Mit Hilfe eines Schleppers gelangen sie in ein Flüchtlingslager in Malaysia. In ruhigen
Worten, die das Grauen noch unterstreichen, erinnert sich die erwachsene Vi an
Eindrücke aus dem Lager, vor allem an die Frau, die vierzehn Kinder bei sich hat und
nicht weiß, wer diese sind.
Zitatorin
Sie hatte mitansehen müssen, wie ihrem Sohn die Kehle
durchgeschnitten wurde, weil er es gewagt hatte, sich auf den Piraten zu stürzen, der
seine schwangere Frau vergewaltigte. Als ihr Sohn und ihre Schwiegertochter ins
Meer geworfen wurden, fiel diese Mutter in Ohnmacht. Was danach geschah, wusste
sie nicht. Sie erinnerte sich nur daran, unter Leichen liegend vom Weinen der
vierzehn überlebenden Kinder aufgewacht zu sein.
Autorin
In Québec angekommen, arbeitet die Mutter als Spülerin im Restaurant;
die Brüder leben sich mühelos ein, aber Vi fällt es als Mädchen nicht leicht, den
westlich-freien Lebensstil mit ihrer asiatischen Erziehung in Einklang zu bringen. Als
Studentin geht sie eine Beziehung mit einem jungen Vietnamesen ein, wodurch sie
ihre Familie und die Familie des Mannes entehrt.
Zitatorin
Durch Personen, denen ich nie begegnet bin, kamen diese Nachrichten
auch meiner Mutter zu Ohren.

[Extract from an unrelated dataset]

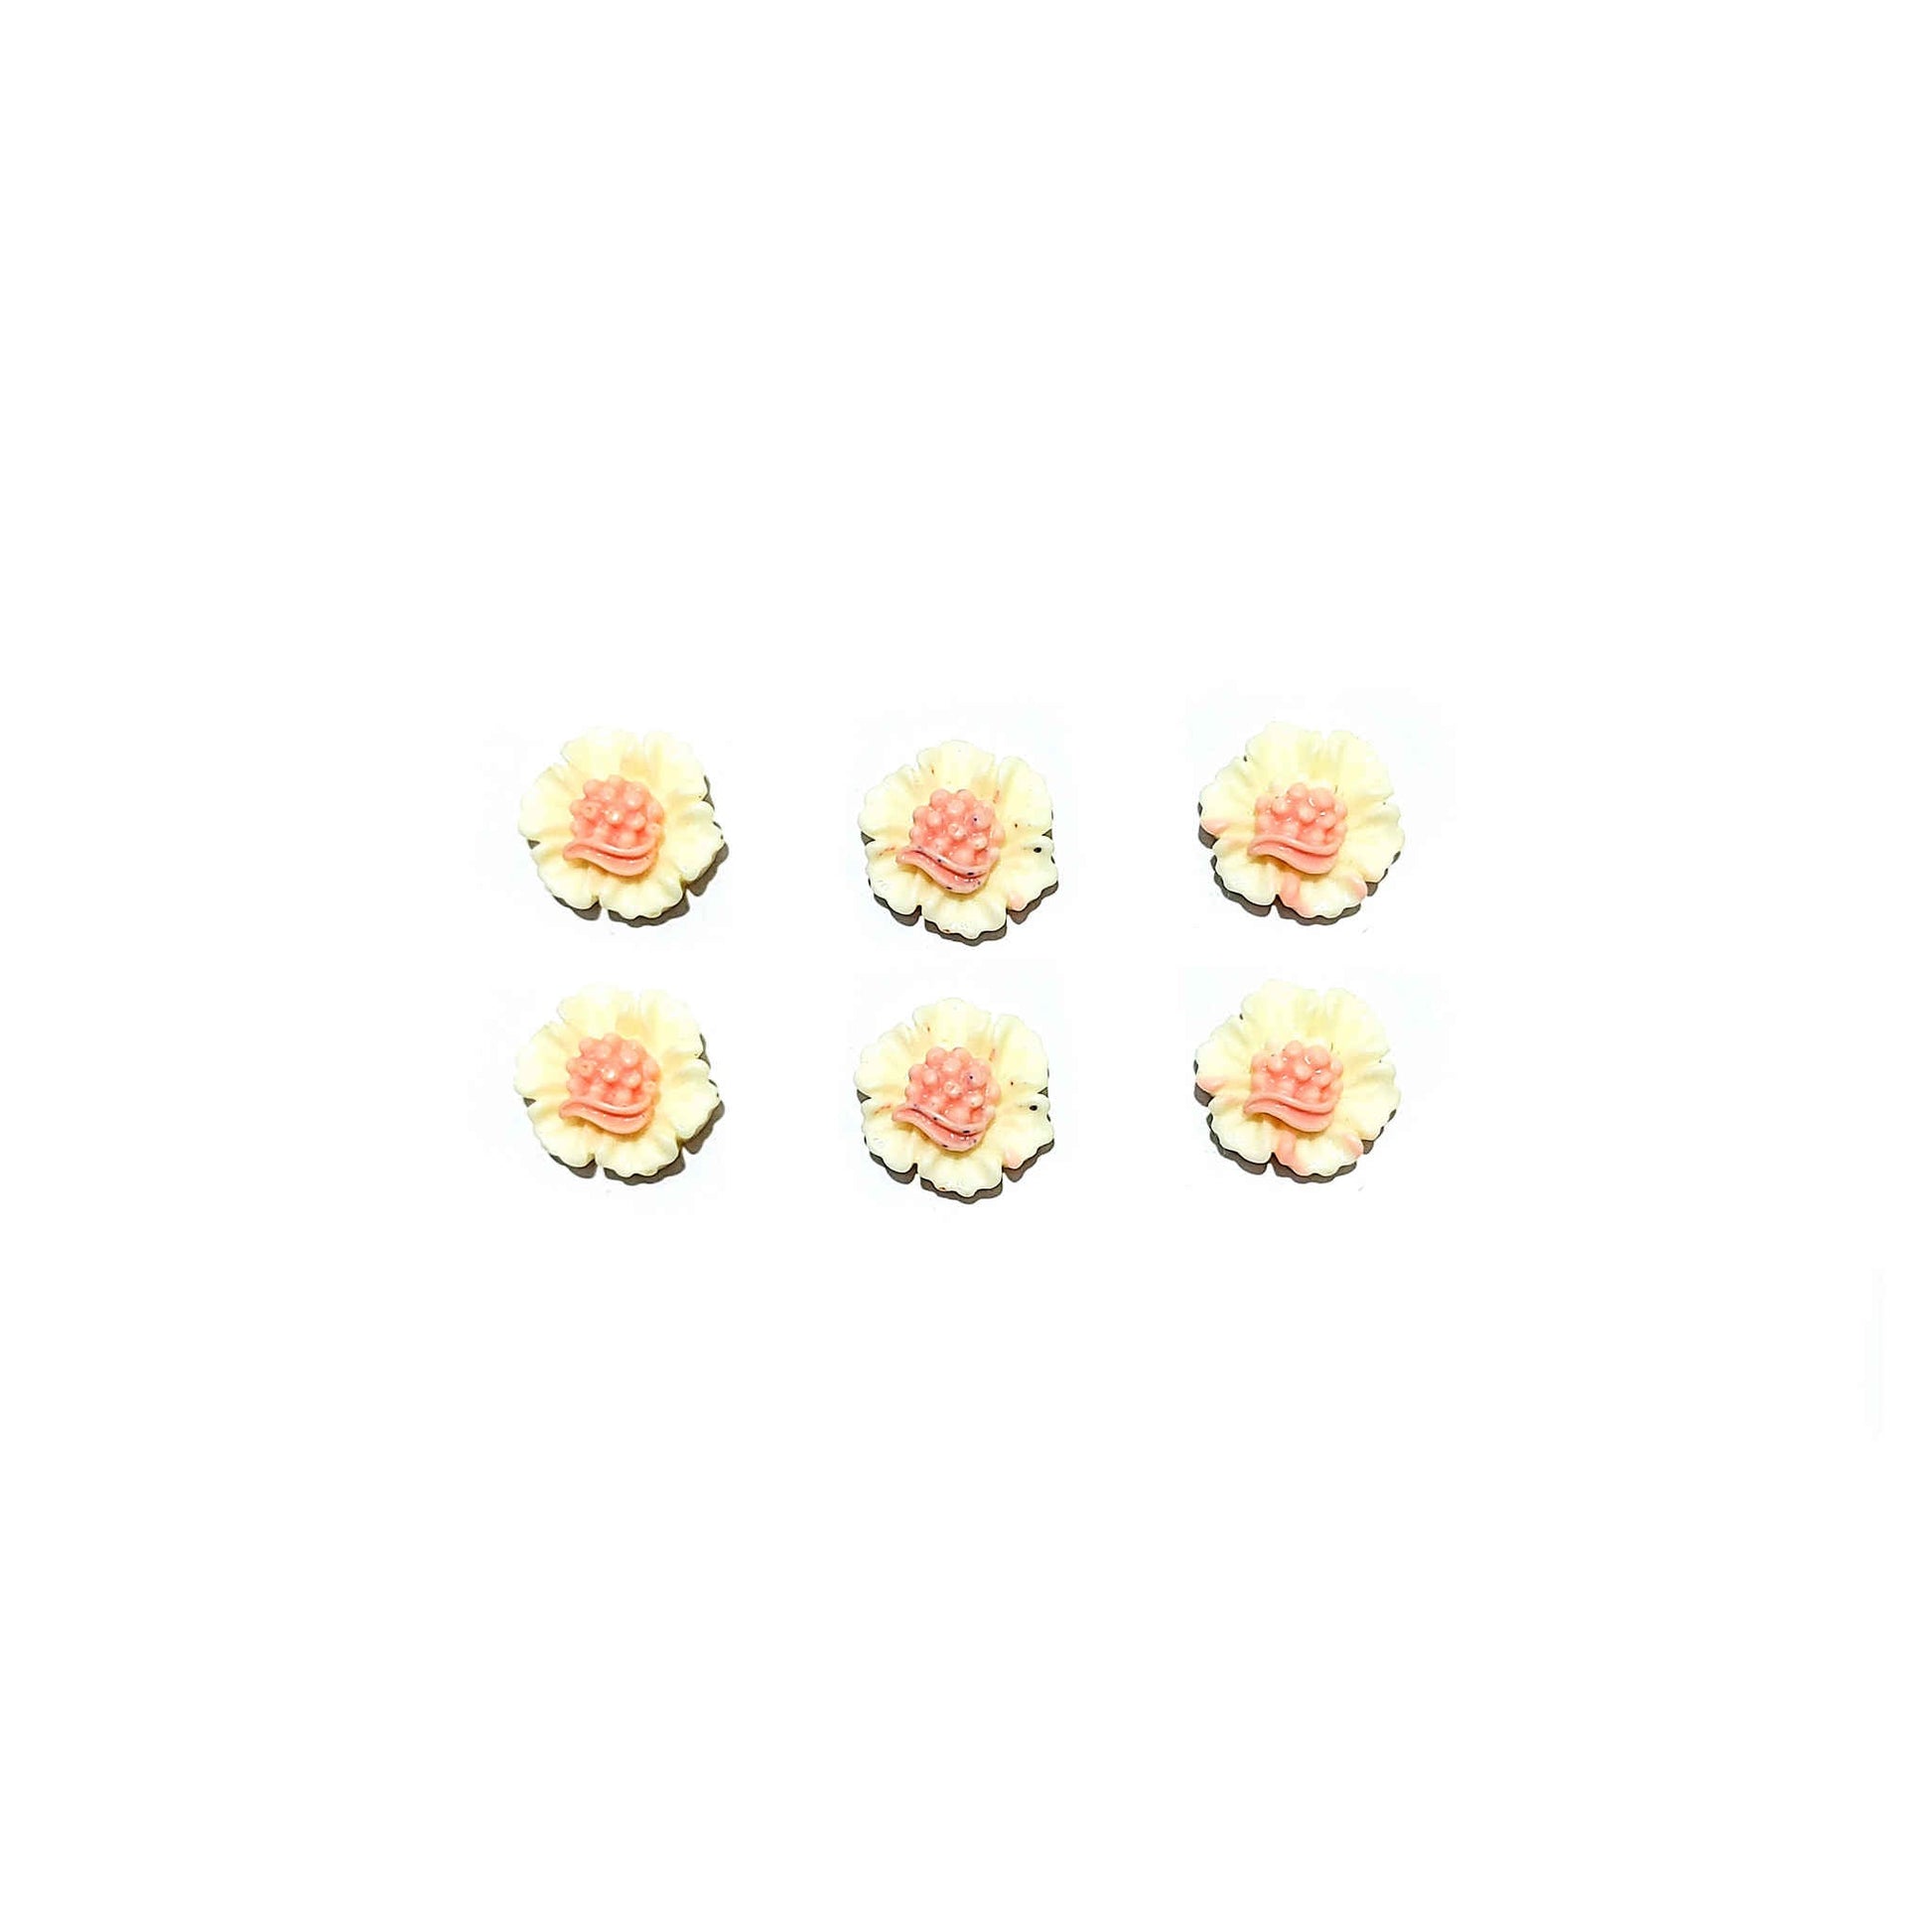 Indian Petals Flat Base Beautiful Floral 3D Cabochons for Craft Trousseau Packing or Decoration - Design 422, Style - Classic, Ivory

Nach meiner ersten Prüfung in Verfassungsrecht
wartete sie vor meiner Wohnung. Kaum hatte sie den Fuß über die Schwelle gesetzt,
lag ich schon vor ihr auf den Knien. Sie zog nicht einmal ihren Mantel aus, weil sie
nur zwei Sätze zu sagen hatte: „Ich habe bei deiner Erziehung versagt. Ich bin nur
gekommen, um meinem Scheitern ins Antlitz zu sehen.“ Dann ging sie, so schnell sie
gekommen war, und fuhr mit meinem Bruder Lôc, der im Auto auf sie gewartet hatte,
davon.
Autorin
Kim Thúy macht nicht den Versuch, solche krassen kulturellen
Unterschiede erklären zu wollen oder gar Vorschläge für ihre Lösung zu machen. So
wird für uns als Leser die Zerrissenheit von Vi zwischen zwei Kulturen und ihre
Suche nach sich selbst nachvollziehbar. Ihre strenge, aber kluge Mutter erlaubt ihr
irgendwann, bei der ebenfalls geflohenen Freundin Há, die inzwischen in Ottawa
verheiratet ist, zu leben, und Vi fühlt sich zuerst weggeschickt. Aber dann kehrt sie
als Mitglied einer Delegation für den Wiederaufbau des Landes nach Vietnam
zurück, wo sie Vincent begegnet, der ihre große Liebe wird. Er hilft ihr zu erkennen,
dass die Handlung der Mutter ein Ausdruck ihrer Liebe zur Tochter war.
Zitatorin
Meine Mutter hat mir vor allem beigebracht, so unsichtbar wie möglich
zu sein oder mich wenigstens in einen Schatten zu verwandeln, um unangreifbar zu
werden, durch Wände gehen und mit meiner Umwelt verschmelzen zu können. In
der Kunst des Krieges, hatte sie immer wieder gesagt, bestehe die erste Lektion
darin, das eigene Verschwinden zu beherrschen. Dank dem Echo meiner Stimme in
Vincents schützenden Armen konnte ich den Wunsch meiner Mutter verstehen, mich
wegzuschicken und anders aufwachsen zu lassen, damit ich nicht das gleiche
Schicksal erlebte wie sie.
Autorin
Kim Thúy erzählt ihre leise Geschichte auf sehr asiatische Weise:
Dinge und Speisen werden hier zu Trägern der Gefühle. Heimatgefühl entsteht beim
Duft von geröstetem Zitronengras und dem von in Limetten-Fischsoße sautierten
Bambussprossen. Und wenn Vis Mutter ihrer vietnamesischen Schwiegertochter
beibringt, das Huhn auf die komplizierte traditionelle Art zuzubereiten, und ihrem
zweiten Sohn den Kofferraum voller Speisen packt, weil seine amerikanische Frau
nicht kochen kann, dann ist auch das ein Ausdruck von Liebe. Kim Thúy lässt offen,
ob es Vi gelingen wird, eine starke und unabhängige Frau zu werden, oder ob sich in
ihrem Leben das Schicksal der Mutter wiederholt. Aber vielleicht ist Vis Erkenntnis,
dass Vietnam nicht mehr ihre Heimat ist, ein erster wichtiger Schritt in die Freiheit.